McGrath argues that Dawkins' rejection of faith is a straw man argument. According to McGrath, Dawkins’ definition that faith “means blind trust, in the absence of evidence” is not a Christian position. In contrast, argues McGrath, accepting Dawkins’ definition would require blind trust since he offers no evidence to support it. Rather, it is based upon what McGrath calls “an unstated and largely unexamined cluster of hidden non-scientific values and beliefs” (p. 92). McGrath then argues that Dawkins frequently violates the very tenets of evidence-based reasoning that Dawkins himself claims to uphold and use to dismiss all religious belief.

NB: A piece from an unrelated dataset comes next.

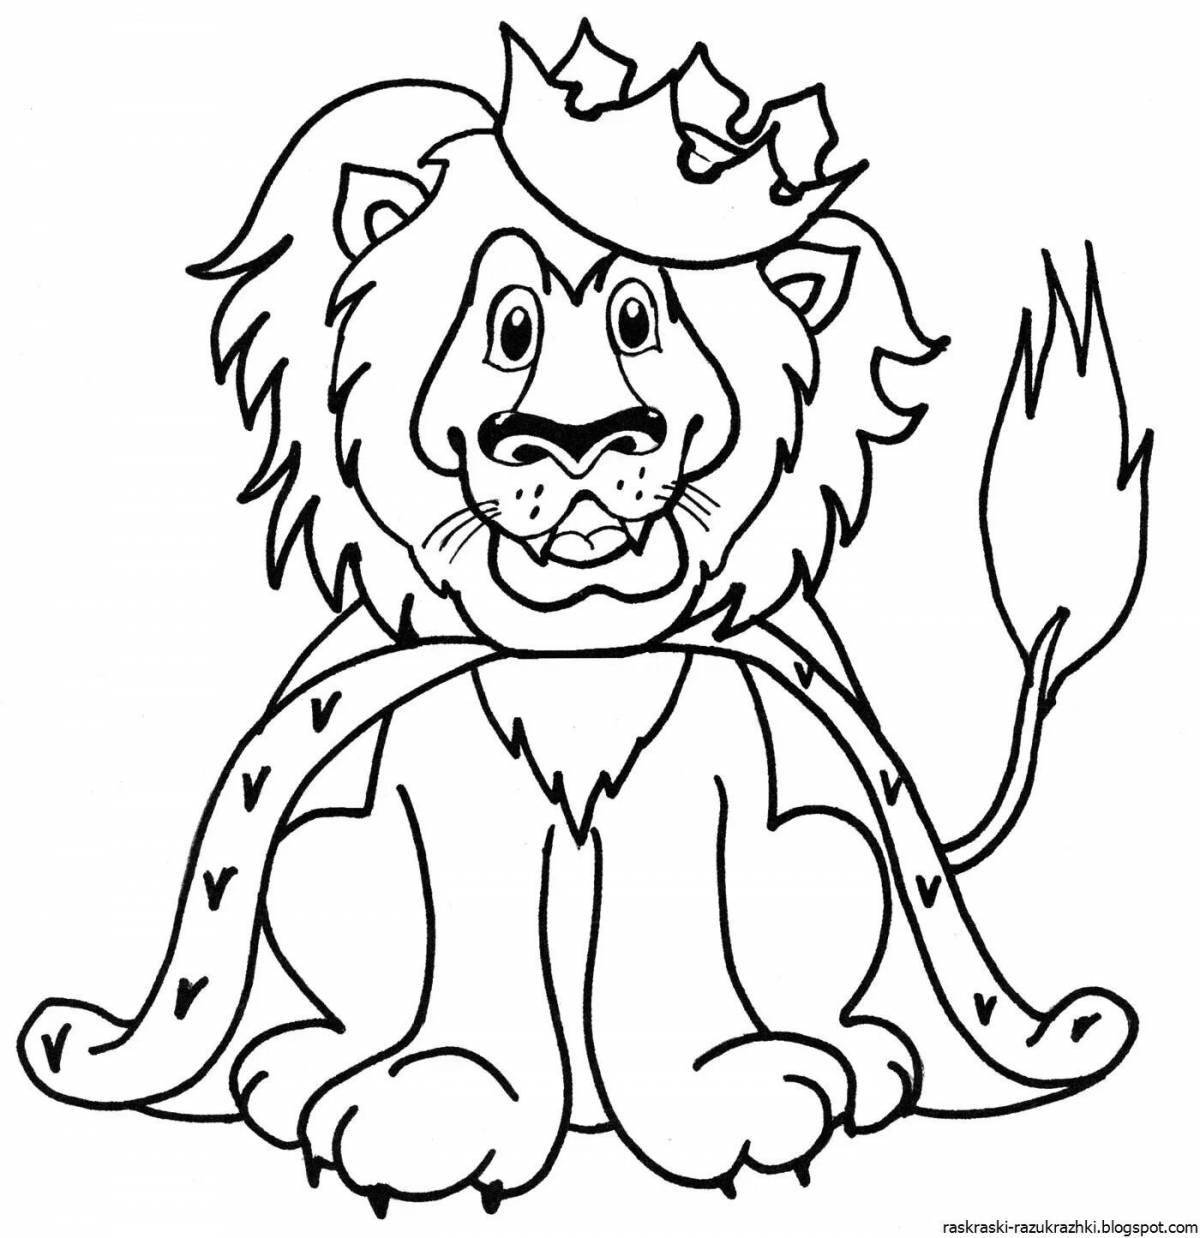 Сказочная раскраска льва для детей 3-4 лет

Also on page 92, McGrath states "... Darwinism neither proves nor disproves the existence of God (unless, of course God is defined by his critics in precisely such a way...)."

==Reception==
In Science the sceptic Michael Shermer, reviewing this book, says

[McGrath's] defense of religious faith is a passionate and honorable one and he demonstrates that some of Dawkins's characterizations of religion are indeed overly simplistic or selective, but he never delivers an answer to the God question. The closest thing to an argument for God's existence I could find in the book is this: "Why should God require an explanation at all? He might just be an 'ultimate,'...one of those things we have to accept as given and is thus amenable to description, rather than explanation." That may be, but like all other arguments made in favor of God's existence, this only works as a reason to believe if you already believe. If you do not already believe, science cannot help you.

==Response from Dawkins==
In response to the book in general, and to the accusation of being ignorant of Christian theology in particular, Richard Dawkins stated:

Yes, I have, of course, met this point before. It sounds superficially fair. But it presupposes that there is something in Christian theology to be ignorant about. The entire thrust of my position is that Christian theology is a non-subject. It is empty. Vacuous. Devoid of coherence or content. I imagine that McGrath would join me in expressing disbelief in fairies, astrology and Thor's hammer. How would he respond if a fairyologist, astrologer or Viking accused him of ignorance of their respective subjects?